Lunar exploration and investigation quietly continues as Russia stakes its claim on lunar exploration – and development

Originally appeared at

Russia plans to launch the Lunar-25 research landing module to the Moon in 2019, followed by an orbiter (Lunar 26) and another lander in 2021 and 2022, respectively.

In Russia, there is a rather heightened sense of doubt that the American manned moon landings ever took place.  Apparently the movie Capricorn One was taken to be a bit more of a documentary film than it was intended to be.  It is most likely a mixture of national pride and aging historical perspective, since it is known everywhere in the Russia Federation that Yuri Gagarin was the first man in space, and that Sputnik was the first artificial satellite.  But additionally, the last American landing on the moon was over forty-five years ago.  Time makes such an accomplishment a bit “malleable.”

However the Russian space program lives in reality and is working on its own projects to investigate the lunar surface, possibly as a prelude to building a base or even a colony.

Earthrise over the Moon, taken by NASA’s Apollo 8 mission astronaut William Anders on December 24, 1968.

These projects signify the Russian Federation’s resumed progress in this area.  Their own last lunar mission occurred in 1976, when the Luna-24 probe flew to the moon, landed, gathered soil samples and returned them to Earth.  Like the United States, this pace of flights had been accelerated during the Cold War years, as the USA and Soviet Union sought to outdo one another in scientific and technological achievements.  The Soviets were actually the first to reach the moon, when their Luna-2 probe successfully impacted on the Moon’s surface in September 1959.Their Luna-9 probe in 1966 was the first probe to successfully achieve a soft landing on the Moon. This probe returned five panoramic, stereoscopic photos.  Other probes successfully deployed robotic roamers, and several were landing and sample-return missions, demonstrating significant expertise in robotic systems, before and during the American moon landings.

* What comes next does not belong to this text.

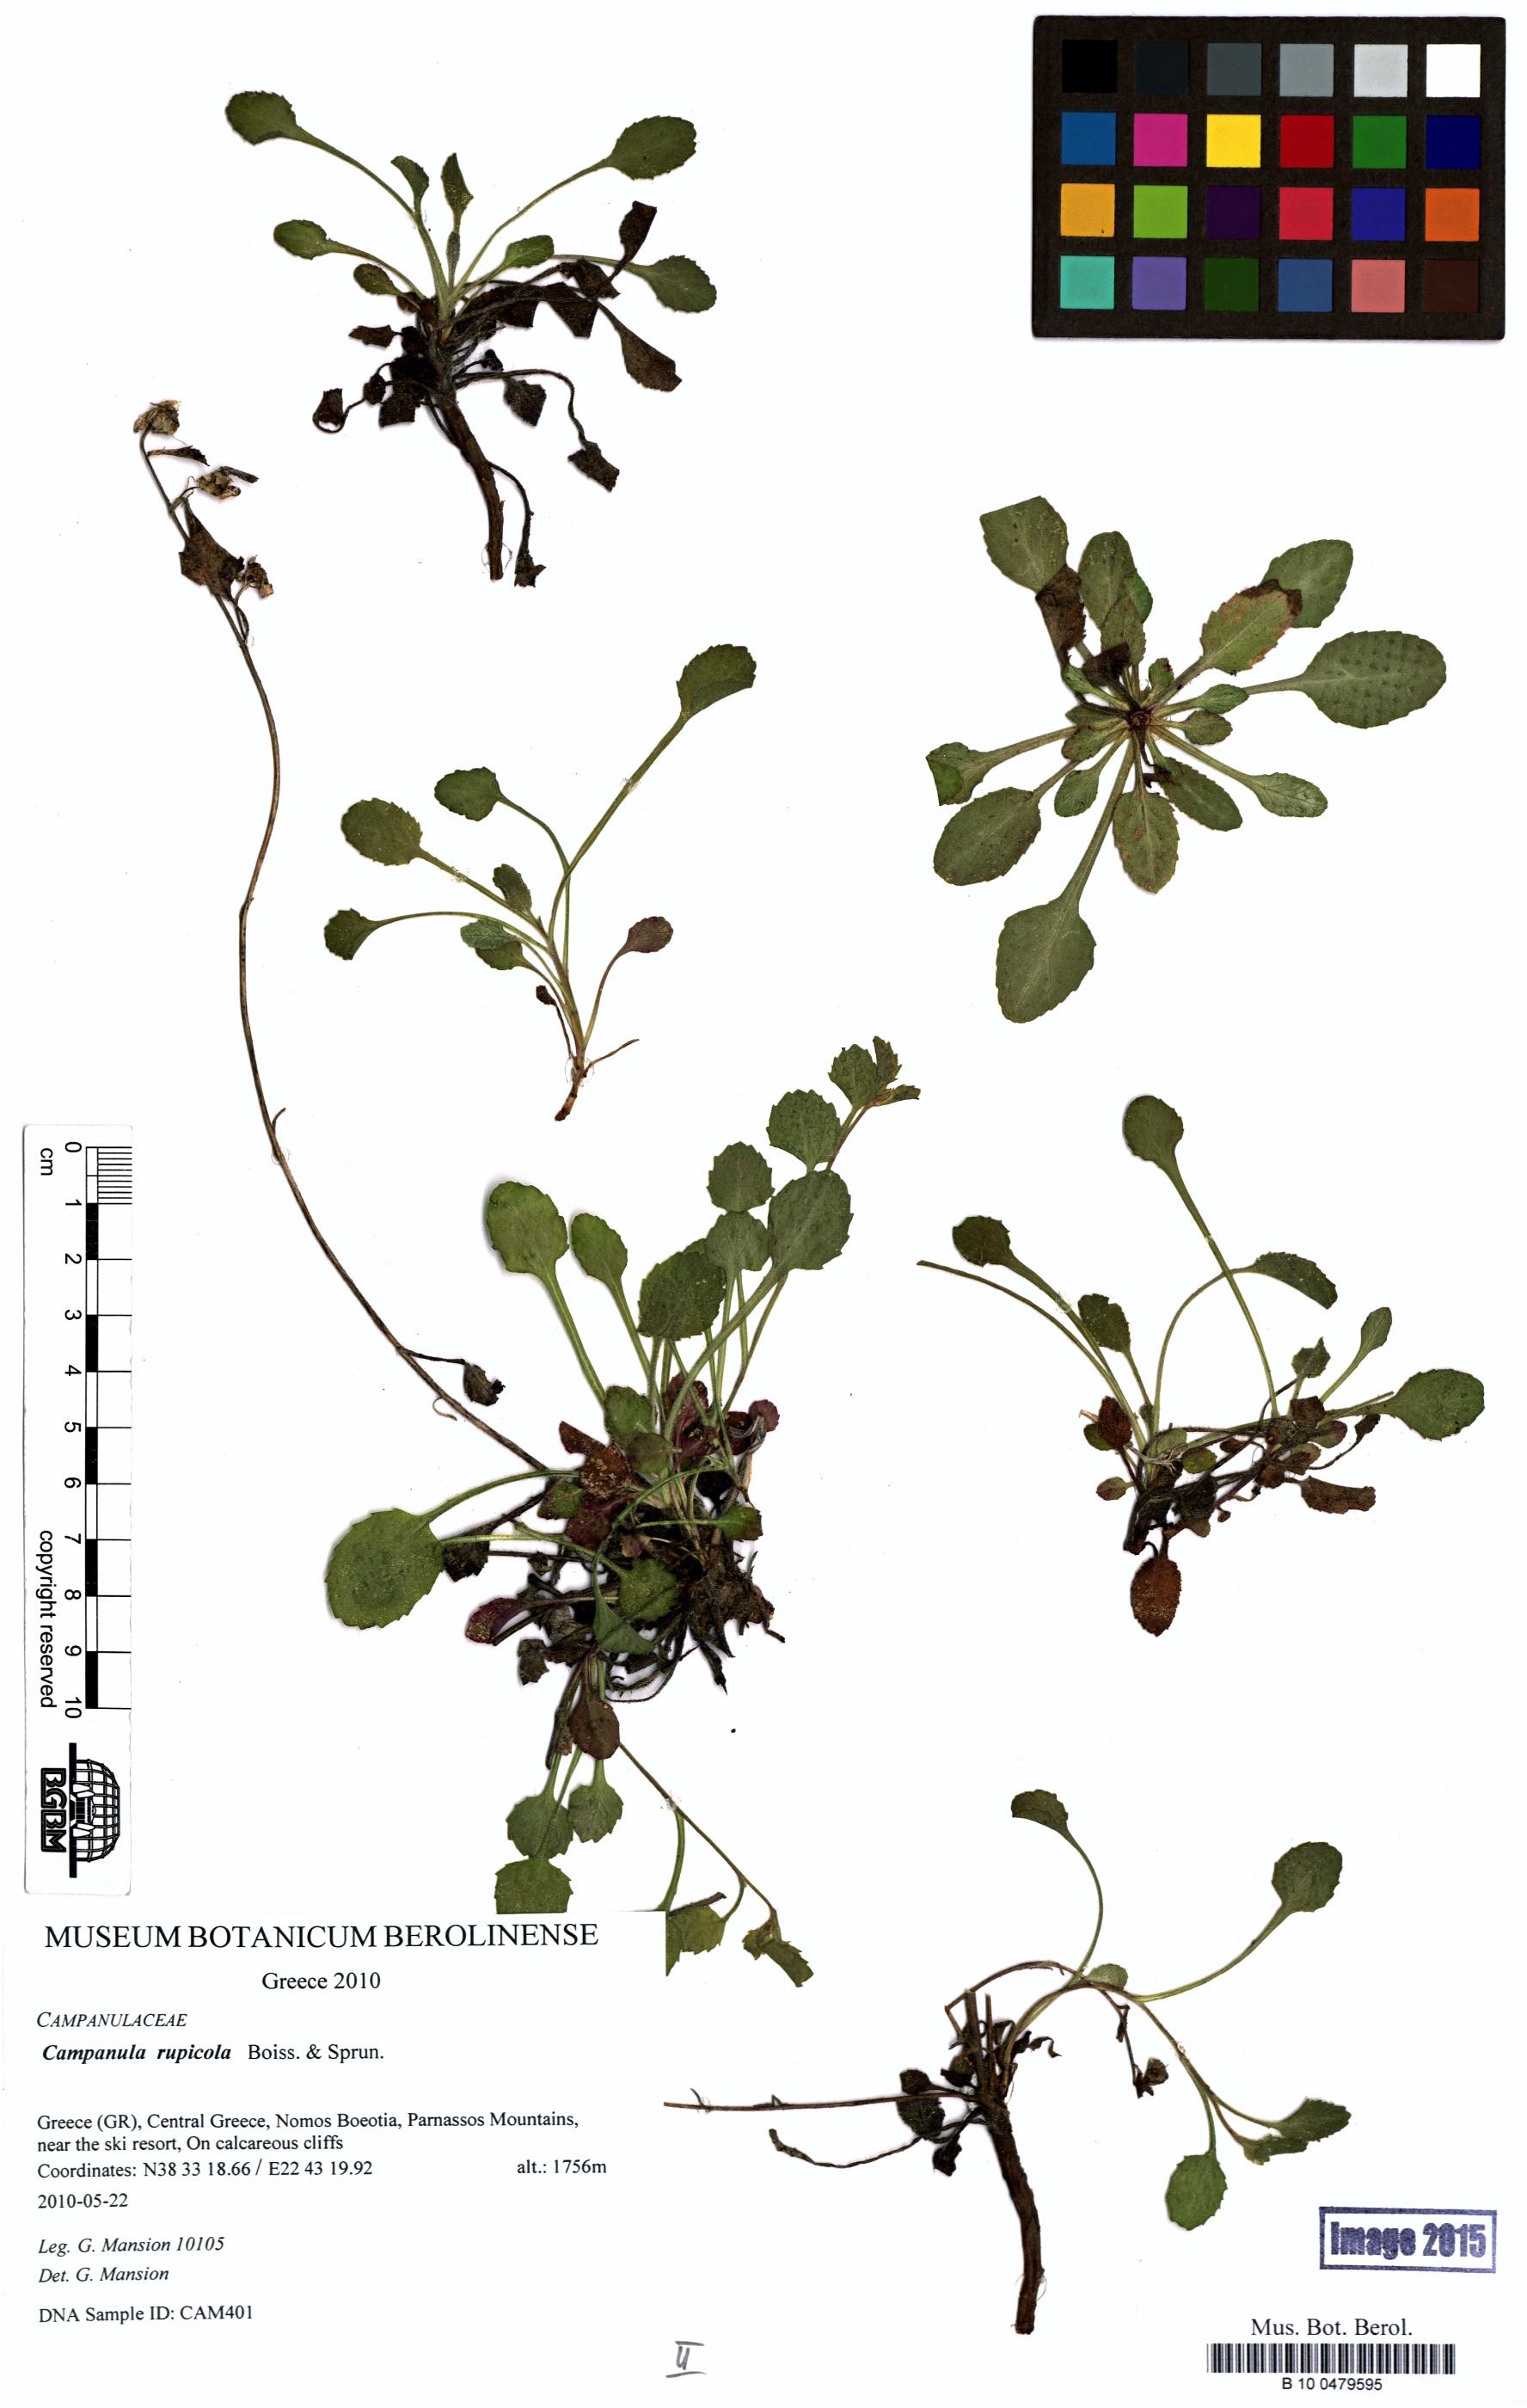 http://ww2.bgbm.org/herbarium/images/B/10/04/79/59/B_10_0479595.jpg

Simultaneously, the Soviet Union did run a manned program to try to reach the moon before the Americans, but it was riddled with technical failures and was eventually canceled.  Due to the secrecy of such risky projects and the chance that a public failure would undermine the legendary success of Communism, this program was not public knowledge until 1990.

Although the sense of ideological competition between the present-day Russian Federation and the USA is nonexistent, both nations, along with Europe, China and other countries, are all interested in the Earth’s natural satellite for new reasons.  The possibility of using water-ice on the Moon as a fuel source for interplanetary exploration spacecraft has renewed interest across the globe as a mixture of government agencies and private industry have joined the surge in research, development and exploration of the Moon and Mars.

These planned launches are an encouraging piece of news, as it appears that once again, the conquest of space is a going proposition.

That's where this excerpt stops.